Reranking
Hybrid Search achieves more precise search results through multiple simultaneous ANN searches. Multiple searches return several sets of results, which require a reranking strategy to help merge and reorder the results and return a single set of results. This guide will introduce the reranking strategies supported by Zilliz Cloud and provide tips for selecting the appropriate reranking strategy.
Overview
The following diagram shows the main workflow of conducting a Hybrid Search in a multi-modal search application . In the diagram, one path is basic ANN search on texts and the other path is basic ANN search on images.
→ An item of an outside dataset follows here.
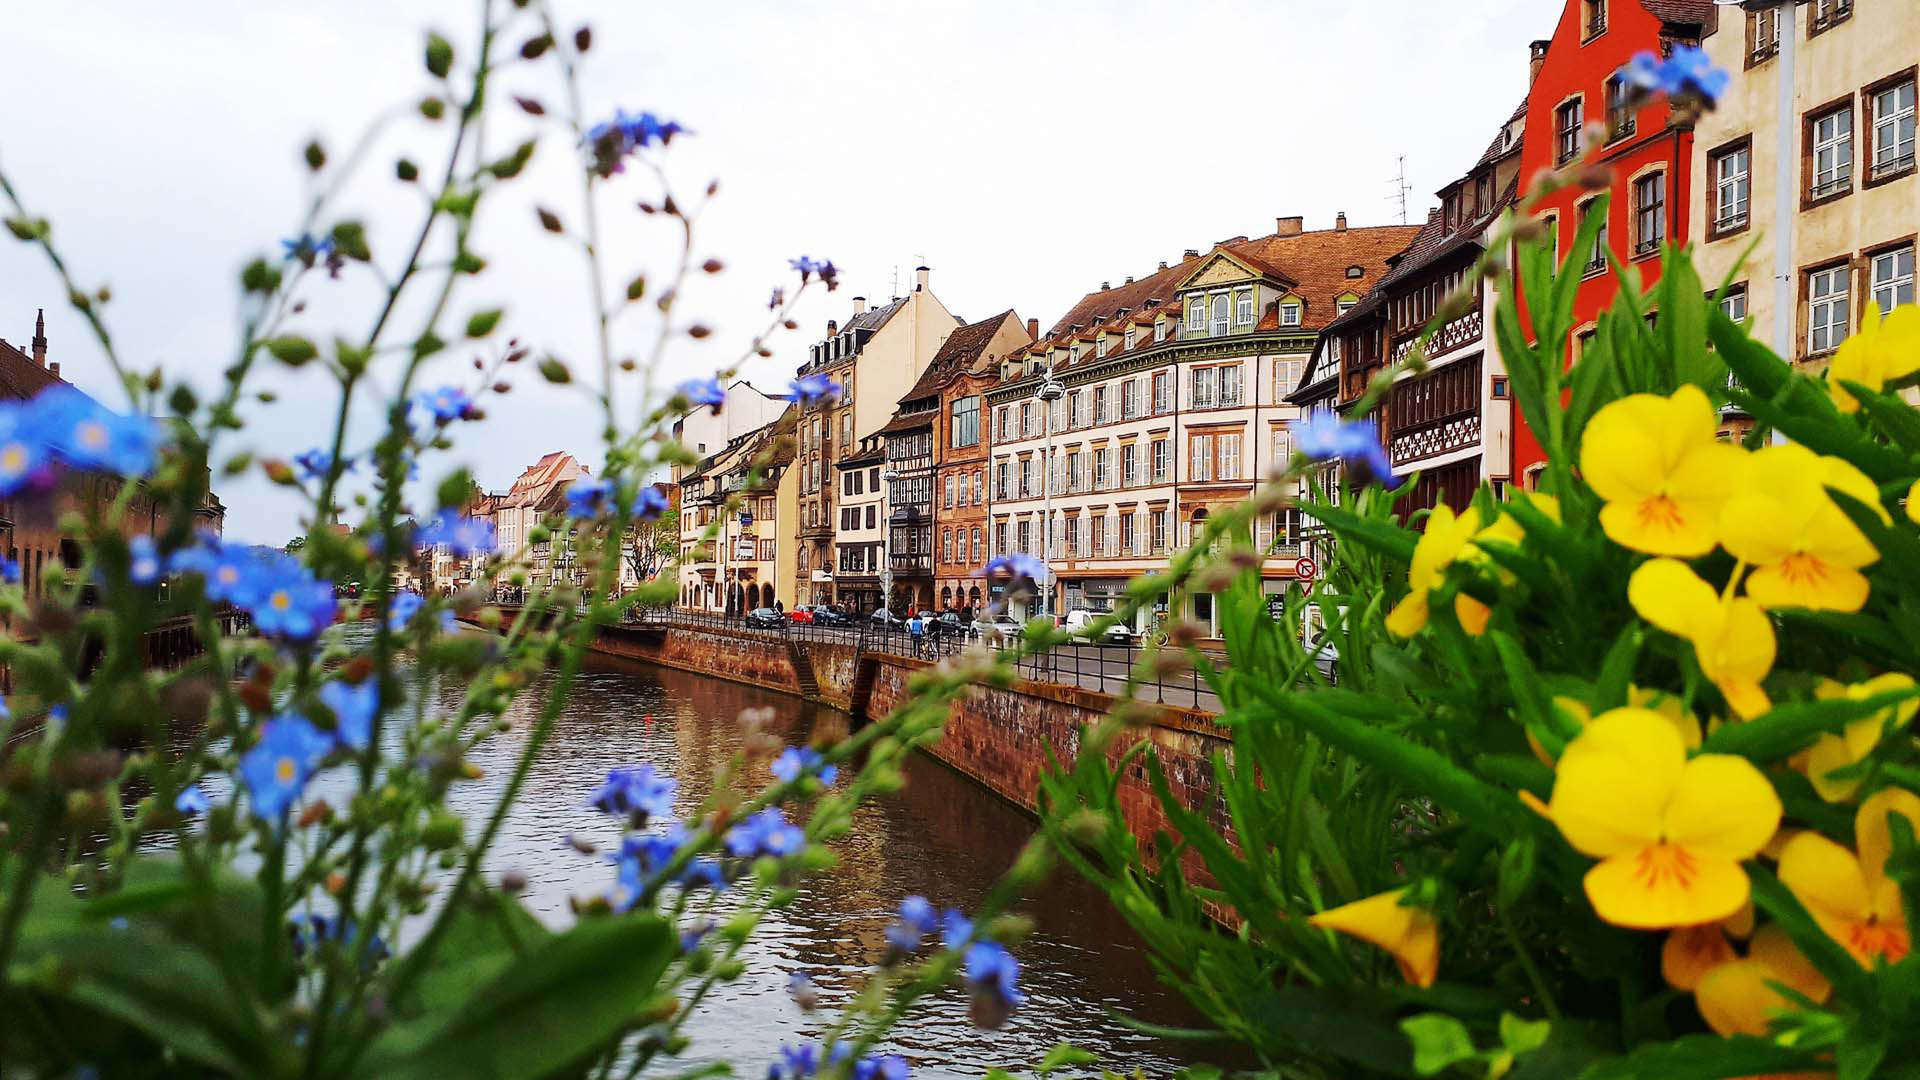 Warm up during spring with lovely floral scenes in Alsace

Each path generates a set of results based on the text and image similarity score respectively (Limit 1 and Limit 2). Then a reranking strategy is applied to rerank two sets of results based on a unified standard, ultimately merging the two sets of results into a final set of search results, Limit(final).
In Hybrid Search, reranking is a crucial step that integrates the results from multiple vector searches to ensure the final output is the most relevant and accurate. Currently, Zilliz Cloud supports the following two reranking strategies:
-
WeightedRanker: This strategy merges results by calculating a weighted score of scores (or distances) from different vector searches. Weights are assigned based on the importance of each vector field, allowing for customization according to specific use-case priorities.
-
RRFRanker (Reciprocal Rank Fusion Ranker): This strategy combines results based on ranking. It uses a method that balances the ranks of results from different searches, often leading to a more fair and effective integration of diverse data types or modalities.
WeightedRanker
The WeightedRanker strategy allocates different weights to the results of each path of vector search based on their importance.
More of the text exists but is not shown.